One of the most common transformations in Power Query is the Remove Duplicates. This transformation is used in many scenarios, one of the examples, is to create a dimension table with unique IDs in it, so can be used as the source of a one to many relationships to fact tables in the relationship diagram of Power BI. Remove duplicate will give you the unique output, however, sometimes this won’t function as you expect. Sometimes, you apply a remove duplicate, but there are still duplicates! how to fix that? read the rest of this article to learn about it. If you want to learn more about Power BI, read Power BI book from Rookie to Rock Star.
How does Remove Duplicate work?
Remove duplicate is a transformation in Power Query, which will remove duplicate entries in the selected column(s). As an example, if you consider a dataset such as the below image:
If we use the Remove Duplicate transformation on this column, as the below screenshot shows;
Then we will have the unique list of countries as the output as below;
As you can see in the above screenshot, Remove Duplicate is an easy way to achieve the unique list of values in Power Query.

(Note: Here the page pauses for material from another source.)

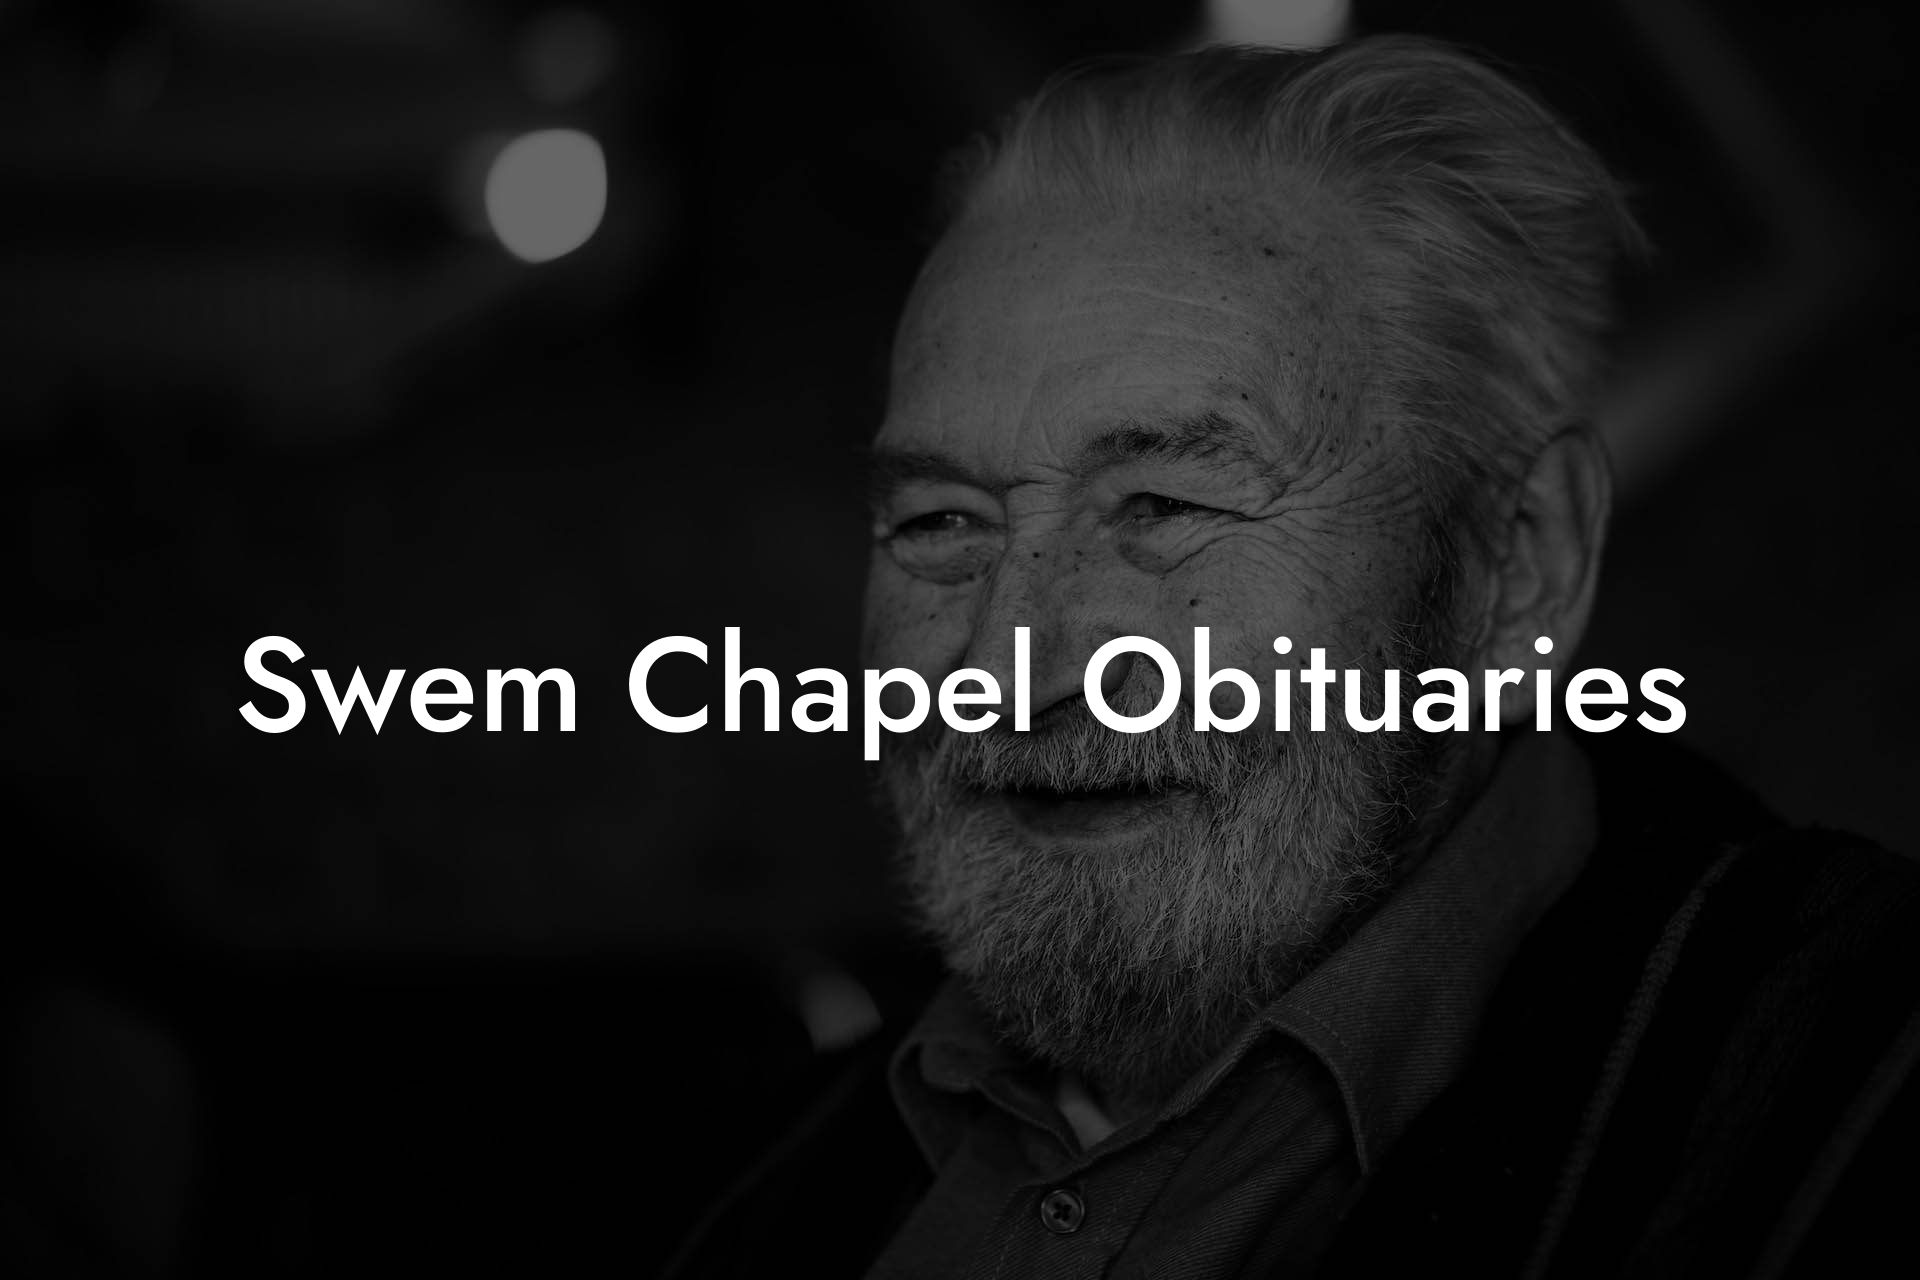 Swem Chapel Obituaries

Remove Duplicate Helps in Modeling
Now, let’s have a look at another example. Let’s say we have two tables; one table for Product, and one for Sales. Here are entries of the Product table;
and the Sales Table as below;
If we load these two tables as is into Power BI and try to create a relationship between them, we get this:
We get the error saying “This relationship has cardinality Man-Many. this should only be used if it is expected that neither column (Product ID and Product ID) contains unique values, and that the significantly different behavior of Many-many relationships is understood”.
If you haven’t used many to many relationships in Power BI previously, I’d recommend to not use it from now on too! this type of relationship is also called Weak relationship because it implies modeling issues. I suggest using one to many and many to one relationship instead. In our case, we need the relationship to be one-to-many from the Product table to the Sales table, because the Product table should have the UNIQUE list of products in it, not duplicate entries.
When the Remove Duplicate does not Work!
So the above example shows that we need to use the Remove Duplicate to get rid of duplicate entries in the product table. which is what you can do in Power Query Editor as below; right-click on the Product ID column and select Remove Duplicates;
After this action, everything should be right, but this time you would get the same error also!
It seems there are still duplicate entries in the product table. when you look at the table, you will see that Yes, there are duplicate entries, despite the fact that we said Remove Duplicate!
Solution: Be cautious of Case SeNsItIvItY!
Power Query is a case sensitive language. the two values of 324Abd and 324abd are considered as two different values as a result. This has nothing to do with Remove Duplicate, anywhere in Power Query, these two values are considered as two different values. If you are going to do remove duplicates despite their case of letters, then you have to apply a transformation to change them all to one case; either UPPERCASE or lowercase.
After getting this done, then you can do the Remove Duplicate, and this time, this would be the output:
So as a result, you can create relationship easily;
Other Scenarios? Characters that you don’t see!
case sensitivity is not the only issue when it comes to removing duplicates. some characters that you don’t see can be also an issue. For example; space characters at the end of a text! Event with changing it to UPPERCASE, you would still have the extra space, which makes the two texts different. Let’s say the above example works for now, but later on, when I refresh the model, I get an error like this:
As you can see, in the error message, it says product ID 324ABD has duplicate entries. and here is what we got!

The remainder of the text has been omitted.